• [Task prompt]: Take the line with "Illustration antique du" and every line after it, through the end of the listing, and give them again exactly, pictures excluded.

• [Available data]:
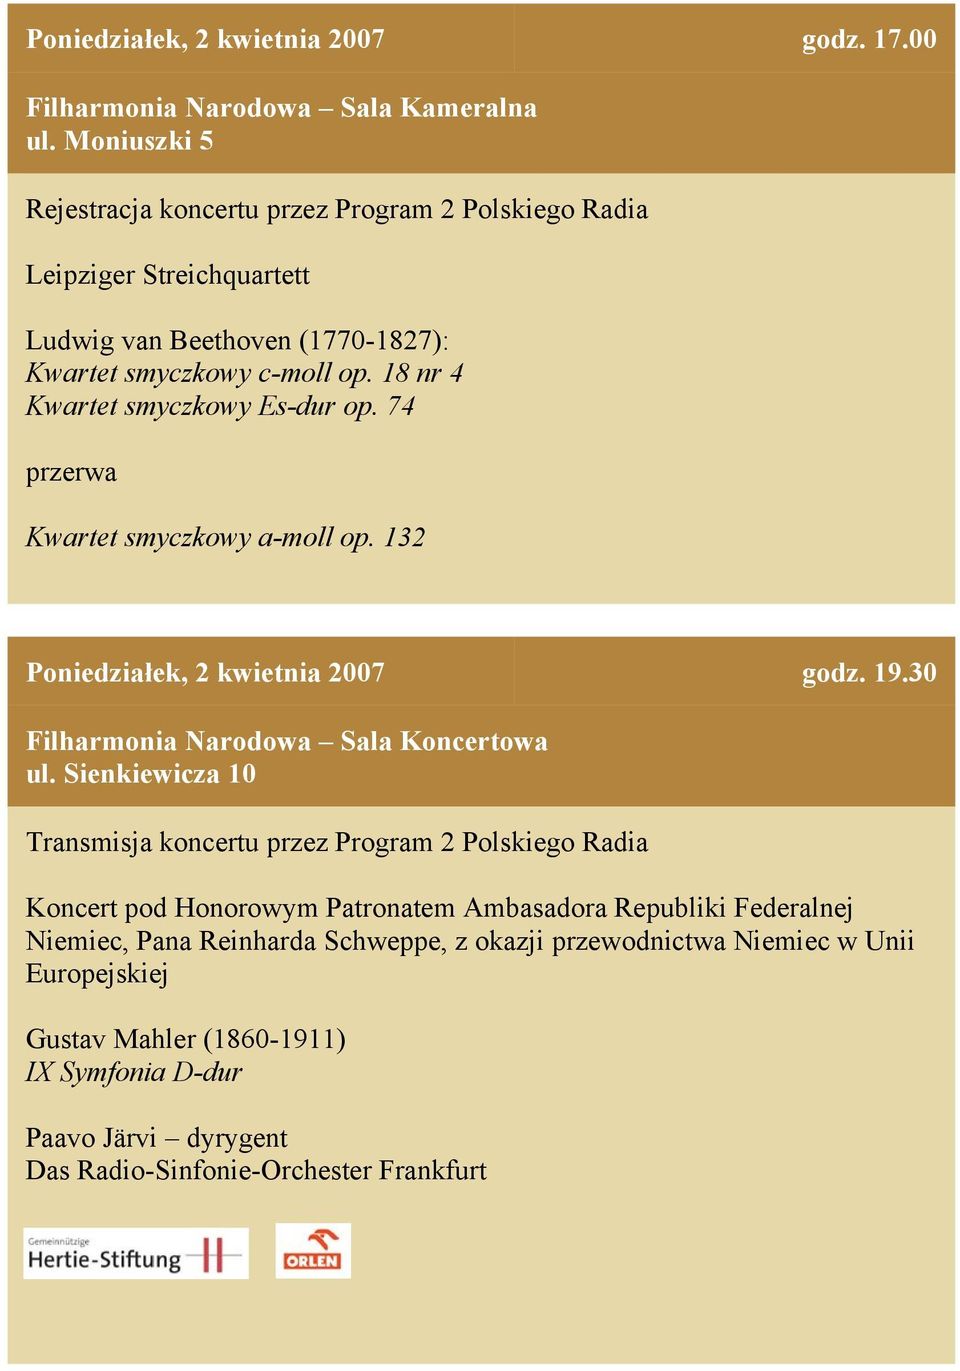 30 Filharmonia Narodowa Sala Koncertowa Transmisja koncertu przez Program 2 Polskiego Radia Koncert pod Honorowym Patronatem Ambasadora Republiki
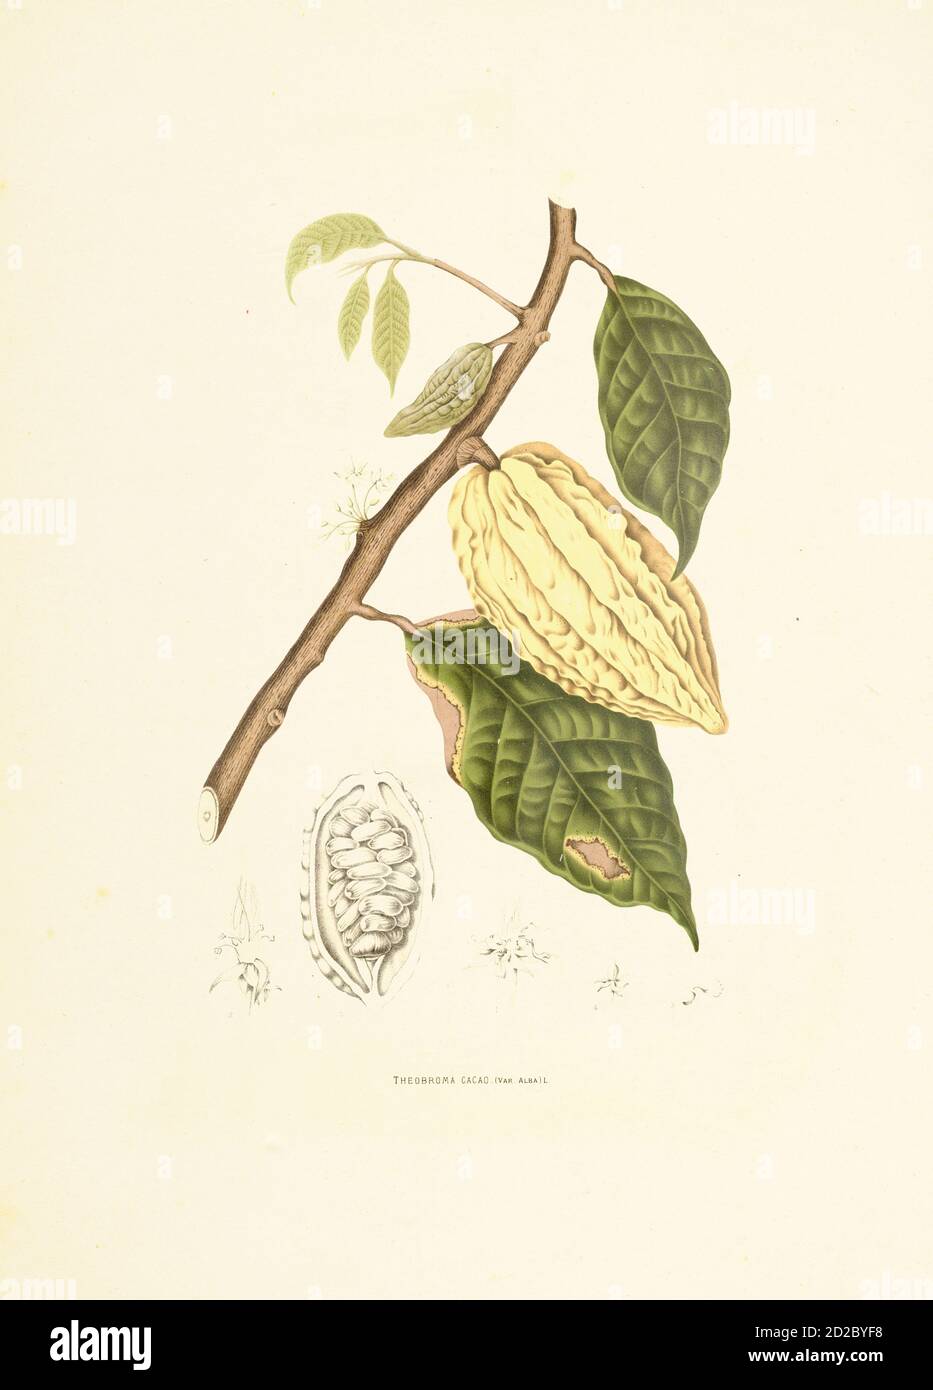 Illustration antique du XIXe siècle d'un theobroma cacao (également connu sous le nom de cacao ou arbre de cacao). Gravure de Berthe Hoola van Nooten du livre FL Banque D'Images
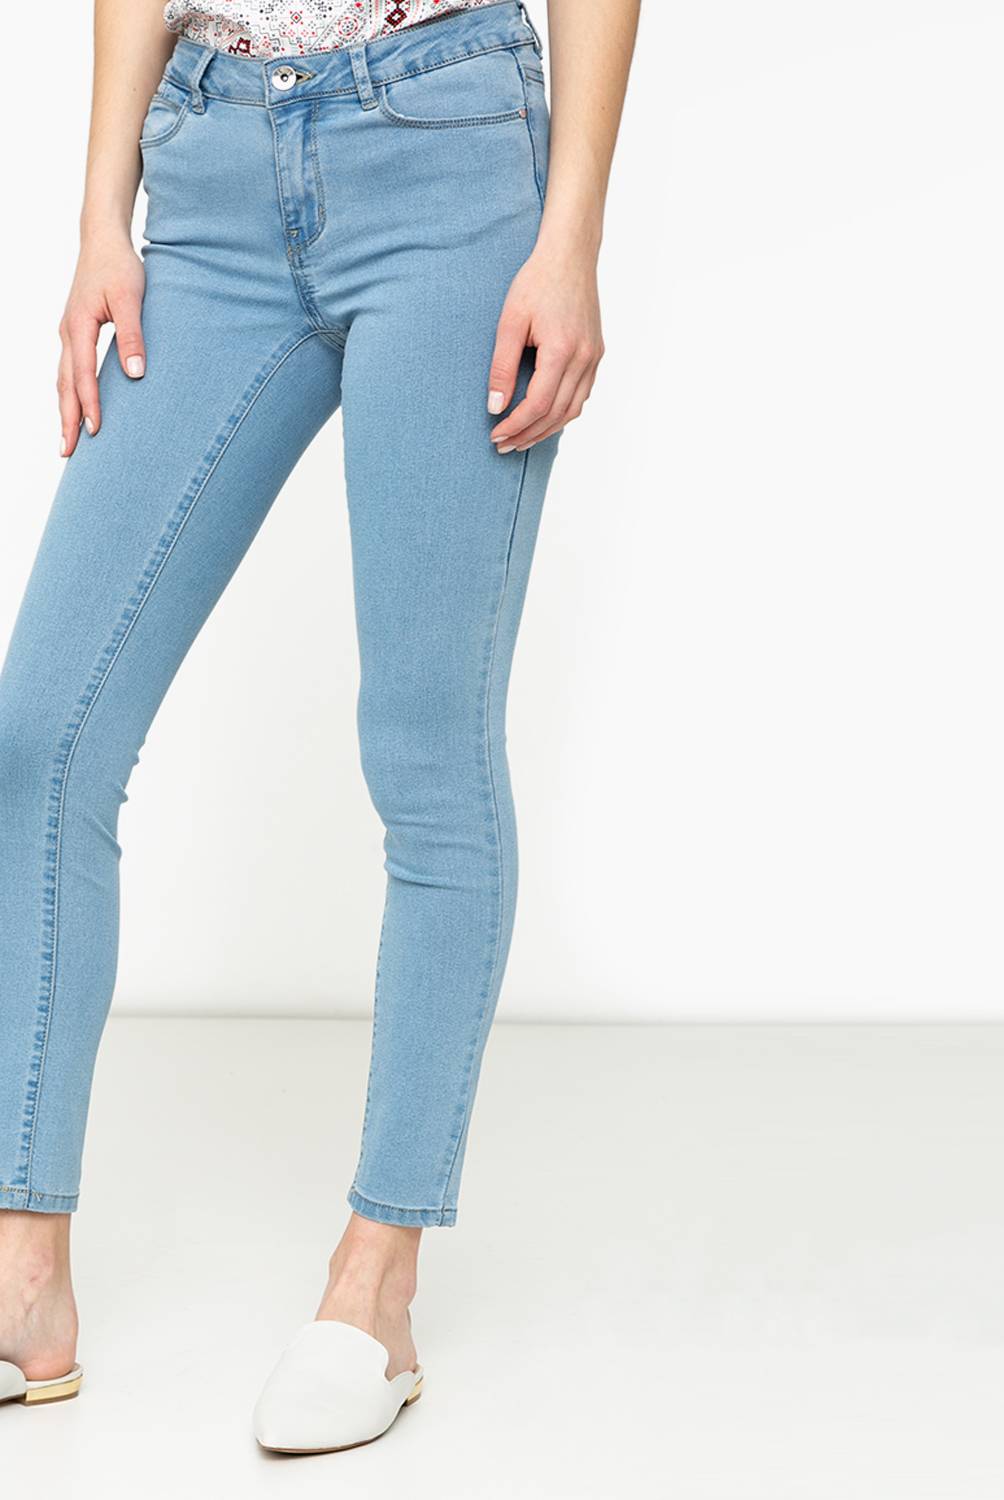 VERO MODA - Vero Moda Jeans Skinny Mujer Slim
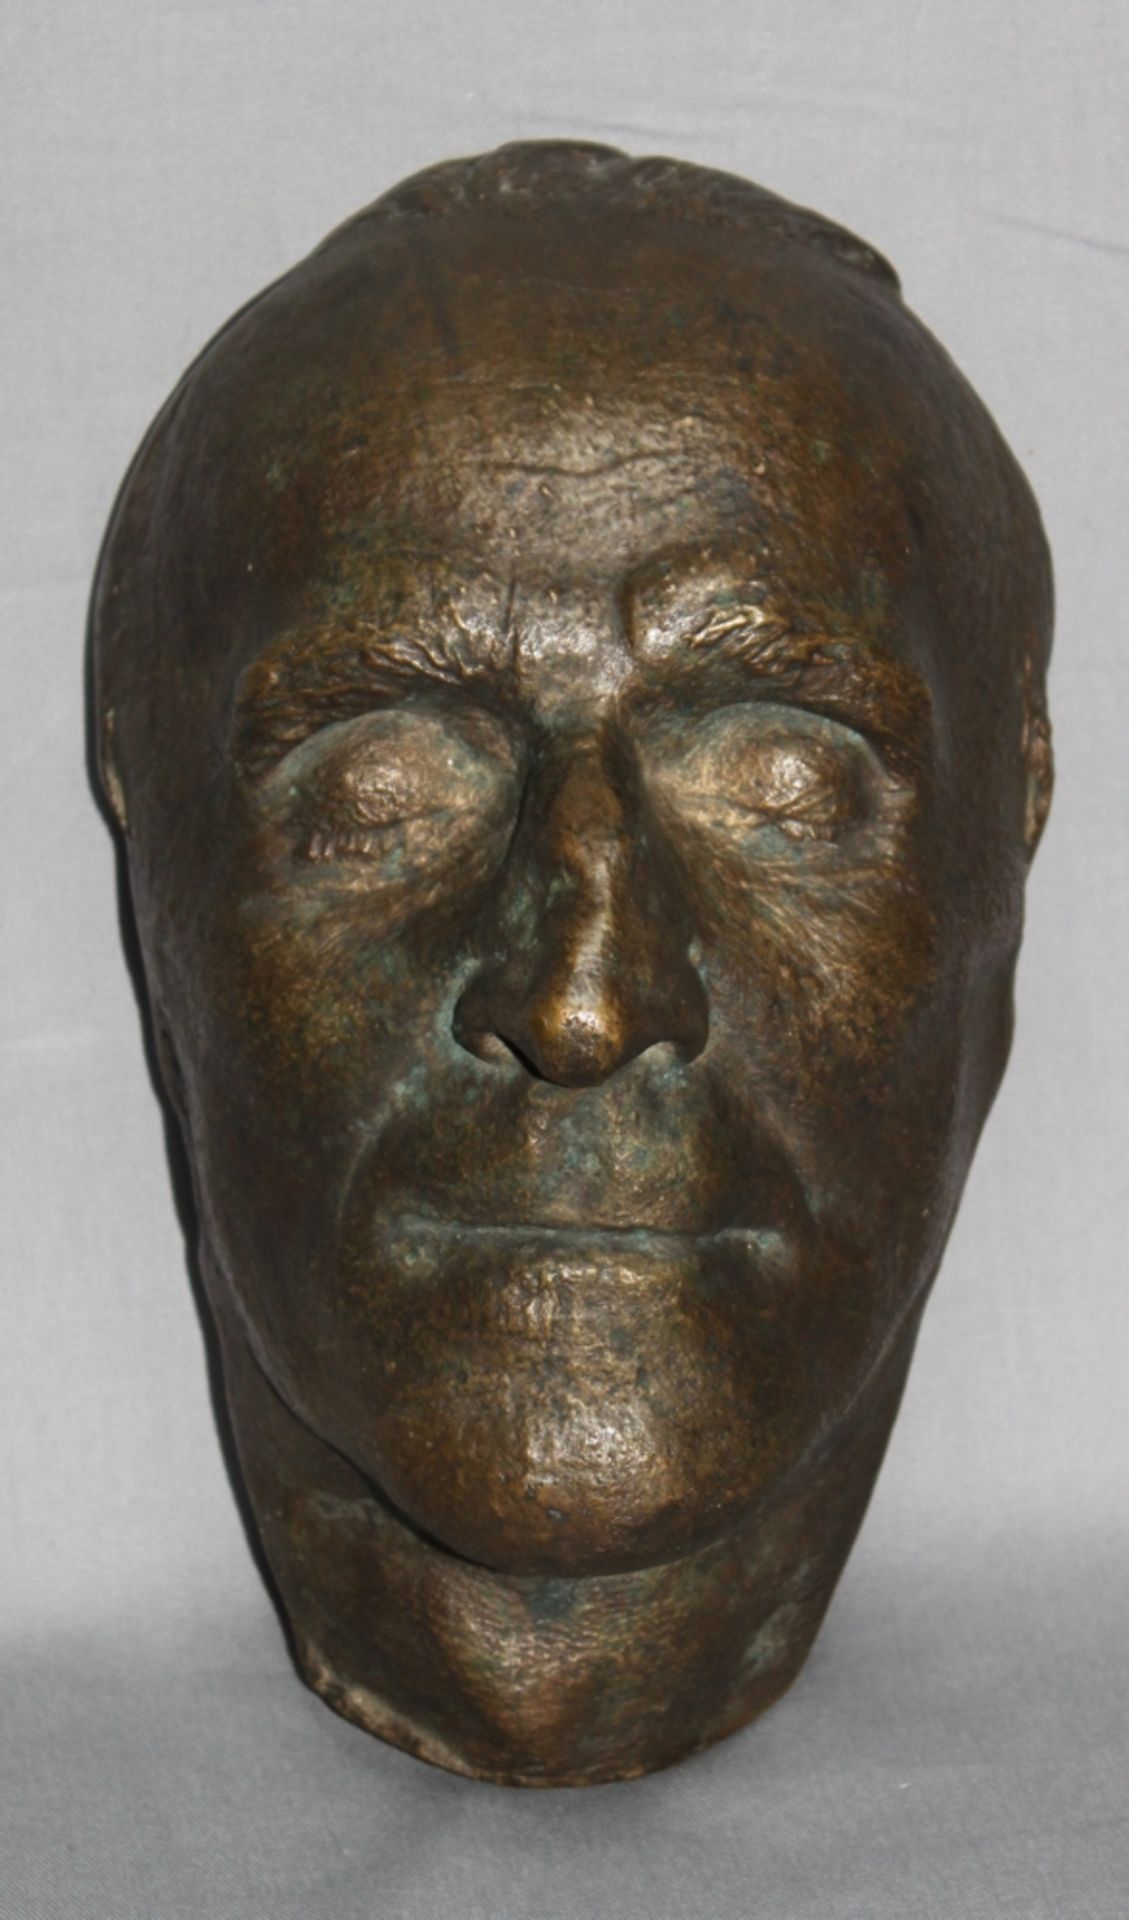 Metall. Bronzeskulptur. Porträt / Kopf eines Unbekannten. Nicht signiert und datiert, aus der

• [Result for this task]:
 Illustration antique du XIXe siècle d'un theobroma cacao (également connu sous le nom de cacao ou arbre de cacao). Gravure de Berthe Hoola van Nooten du livre FL Banque D'Images
 VERO MODA - Vero Moda Jeans Skinny Mujer Slim
 Metall. Bronzeskulptur. Porträt / Kopf eines Unbekannten. Nicht signiert und datiert, aus der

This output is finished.